Résumé

Reina Kiperman, Leandro Emmanuel
Software developer

About me#

An avid self-taught backend software developer with great passion for "libre" software.

I love to work in a team where I need to be creative and resourceful, pushing me to grow both as a person and a professional.

Skills#

Programming

Python / Jupyter Java Bash / POSIX Shells Go / golang C / C++

Frameworks

JUnit / Mockito Spring / Spring Boot Pandas / NumPy Keras / TensorFlow

Electronics

Arduino Raspberry Pi KiCAD FPGA / VHDL

Tools

Git Nix Jenkins Kubernetes / Docker

Markup

reStructuredText MarkDown HTML LaTeX AsciiDoc

Data serialisation

JSON XML YAML

Operating Systems

Linux BSD MacOS Windows

Languages

English Spanish German

Experience#

OroraTech Embedded Linux Engineer 2021/11 — Present

I got an opportunity to move to Germany and work on a local startup, where I am currently in charge of creating and maintaining the full Linux software platform on a satellite. From the kernel and bootloader to the package management and update procedures, I am responsible that these mission critical components work flawlessly in orbit.

MuleSoft Software Engineer MTS 2020/08 — 2021/10

Right after I finished the previous project, the company started moving some of their most skilled employees into a new team with the purpose of developing an all new initiative: MuleSoft Composer. This is aimed at expanding our tooling for simpler tasks, broadening the possibilities for the non-technical users.

In this new endeavour, I had gone from leading a single of its core backend components to becoming one of the key players on the whole backend platform. From day one of the project I had helped with the analysis, design, and development of a microservices focused platform; driving the product all the way to GA and beyond.

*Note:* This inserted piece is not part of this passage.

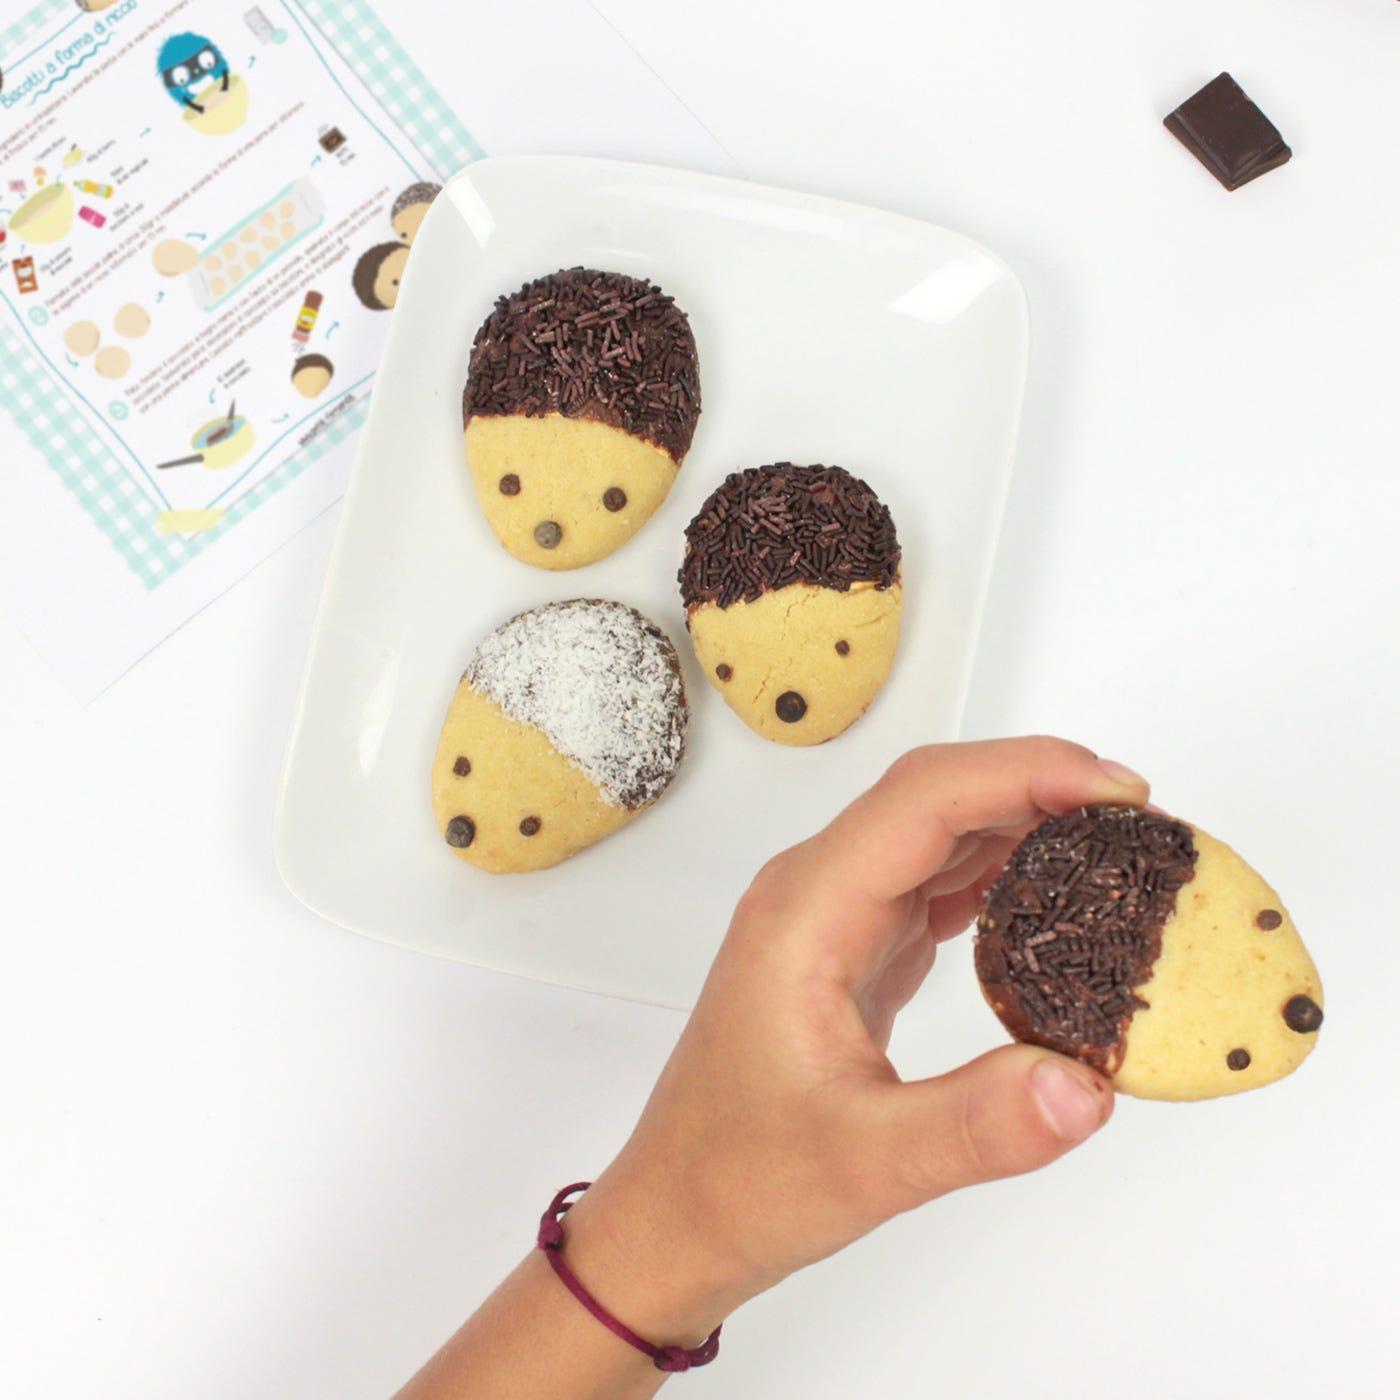 La nostra ricetta di biscotti a forma di riccio

MuleSoft Software Engineer AMTS 2019/02 — 2020/07

After the end of the Internship I was offered the opportunity to continue working at the company while I pursued my software engineering degree.

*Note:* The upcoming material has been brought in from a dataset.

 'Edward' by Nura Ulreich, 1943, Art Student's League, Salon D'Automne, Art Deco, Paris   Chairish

I took ownership of a project named MUnit Test recorder centred around simplifying our clients' development process, allowing to easily test and validate the correct functionality of their software, reducing time and effort. In order to achieve this goal, it was required to coordinate interactions across several teams to bring a smooth and cohesive experience to the end users.

By the end we saw 30% adoption increase and 25% usage compared to the old process within the first 3 months of the release of the new tool, and overwhelmingly positive feedback from our clientele.

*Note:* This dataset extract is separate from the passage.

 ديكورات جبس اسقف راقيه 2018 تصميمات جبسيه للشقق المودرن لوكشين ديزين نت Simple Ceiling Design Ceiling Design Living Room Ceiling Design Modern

MuleSoft Intern Software Engineer 2018/10 — 2019/01

I was part of the first "Colts" Internship after Salesforce acquisition, where I got the chance to work as a part of a core team (the MUnit team) and participate in a challenging project, giving me the fortuity to get hands-on experience.

Education#

Software Engineering Universidad Argentina de la Empresa 2018 — 2019

As time went by, I began to feel that I had been learning a lot more and in much more depth while working than I had ever done at the university, and finally resolved that it would be more beneficial to just keep polishing my skills on my job, and thus I decided to withdraw from college from the time being.

Electronic & Software Engineering Instituto Tecnológico de Buenos Aires 2013 — 2018

After diving into the Electronic courses I found that programming was what really motivates me, and so I opted to continue my studies as a software engineer. But because of my career change decision, I felt I needed to acquire some work experience. Although the tuition at ITBA was great, the timetables did not allow me to work, that is why I chose to continue at UADE.

Publications#

Simulation of pulse propagation in nonlinear optical fibres using GPUs 2016

We present an implementation in graphical processing units of a numerical algorithm for the simulation of the nonlinear propagation of pulses in optical fibres. The implementation uses NVidia's cuFFT library to perform the large number of FFTs calculations required and parallelises all vector sums and products. We show up to 50x speedups as compared to a single-core implementation on a PC.